ActiveRecord has always stored the base class in polymorphic_type
columns when using STI. This can have non-trivial
performance implications in certain cases. This gem adds the store_base_sti_class
configuration option which controls
whether ActiveRecord will store the base class or the actual class. Defaults to true for backwards compatibility.
Given the following class definitions:
class Address
belongs_to :addressable, polymorphic: true
end
class Person
has_many :addresses, as: addressable
end
class Vendor < Person
end
and given the following code:
vendor = Vendor.create(...)
address = vendor.addresses.create(...)
p vendor
p address
will output:
#<Vendor id: 1, type: "Vendor" ...>
#<Address id: 1, addressable_id: 1, addressable_type: 'Person' ...>
Notice that addressable_type
column is Person even though the actual class is Vendor.

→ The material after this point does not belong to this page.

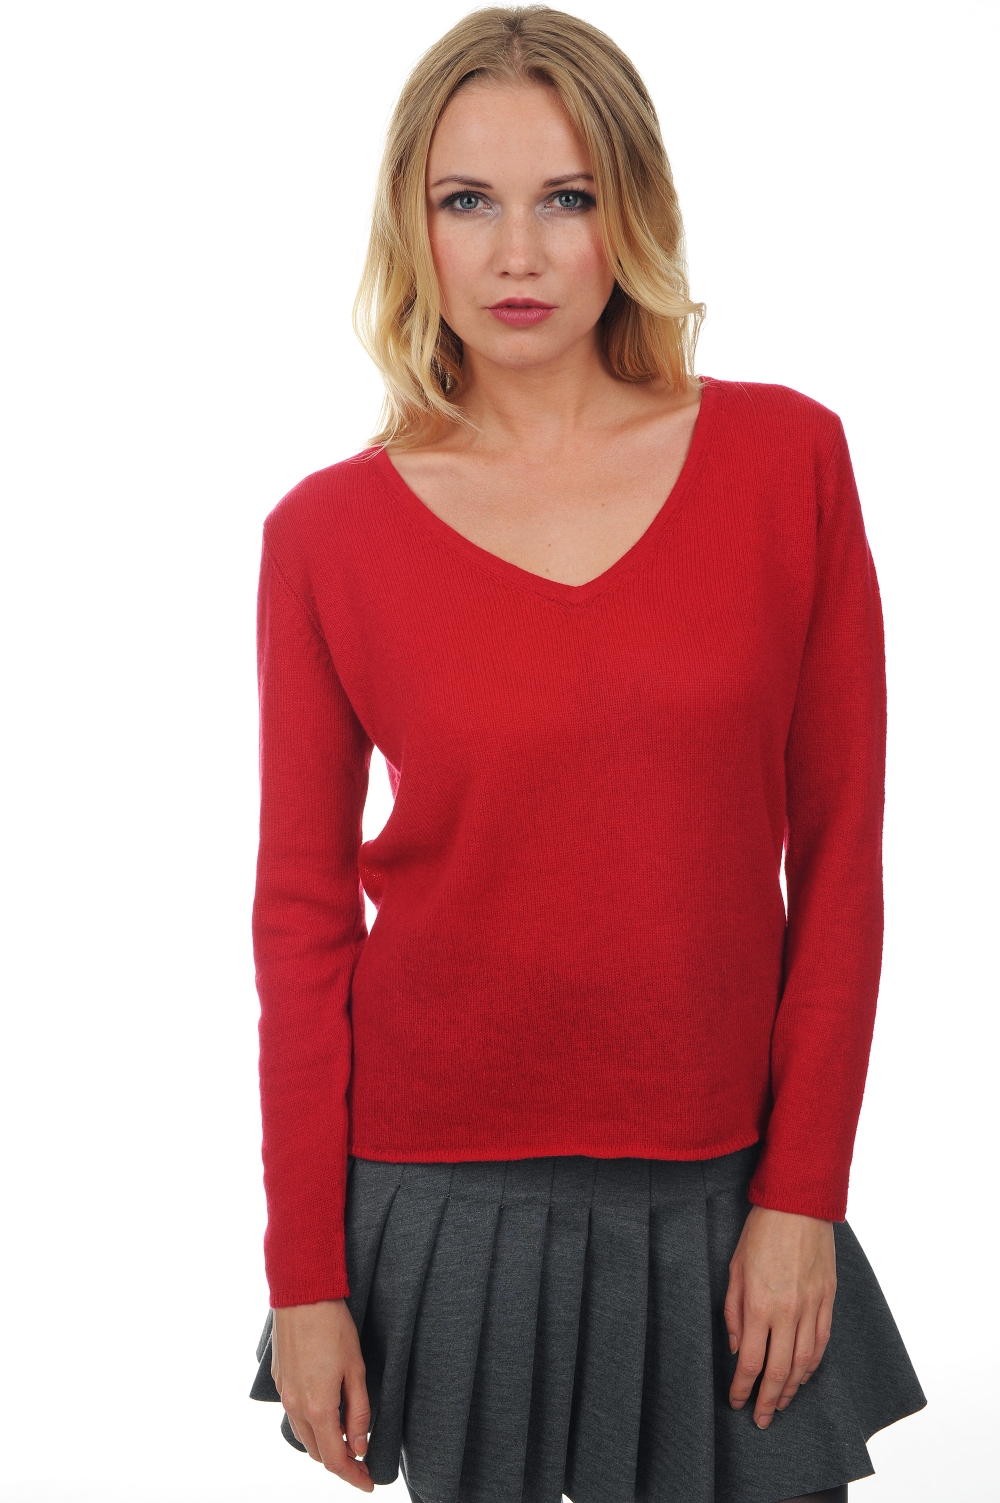 Cashmere ladies basic sweaters at low prices flavie blood red 4xl

Normally, this isn't a problem, however, it can have negative performance characteristics in certain circumstances. The most obvious one is that a join with persons or an extra query is required to find out the actual type of addressable.
This gem adds the ActiveRecord::Base.store_base_sti_class
configuration option. It defaults to true for backwards
compatibility. Setting it to false will alter ActiveRecord's behavior to store the actual class in polymorphic_type
columns when STI is used.
In the example above, if the ActiveRecord::Base.store_base_sti_class
is false
, the output will be,
#<Vendor id: 1, type: "Vendor" ...>
#<Address id: 1, addressable_id: 1, addressable_type: 'Vendor' ...>
Add the following line to your Gemfile
gem 'store_base_sti_class'
then bundle install. Once you have the gem installed, add the following to one of the initializers (or make a new one) in config/initializers,
ActiveRecord::Base.store_base_sti_class = false
When changing this behavior, you will have write a migration to update all of your existing _type
columns accordingly.
You may also need to change your application if it explicitly relies on the _type
columns.
This gem incorporates work from:
It currently works with ActiveRecord 4.2.x
through 7.0.x
. If you need support for ActiveRecord 3.x
, use a
pre-1.0
version of the gem, or ActiveRecord < 4.2
use a pre-2.0
version of the gem, or ActiveRecord < 6
use
version < 3
of the gem.
This gem produces known conflicts with these other gems:
When using friendly_id >= 5.2.5
with the
History module enabled, duplicate slugs will be
generated for STI subclasses with the same sluggable identifier (ex: name). This will either cause saves to fail if you
have the proper indexes in place, or will cause slug lookups to be non-deterministic, either of which is undesirable.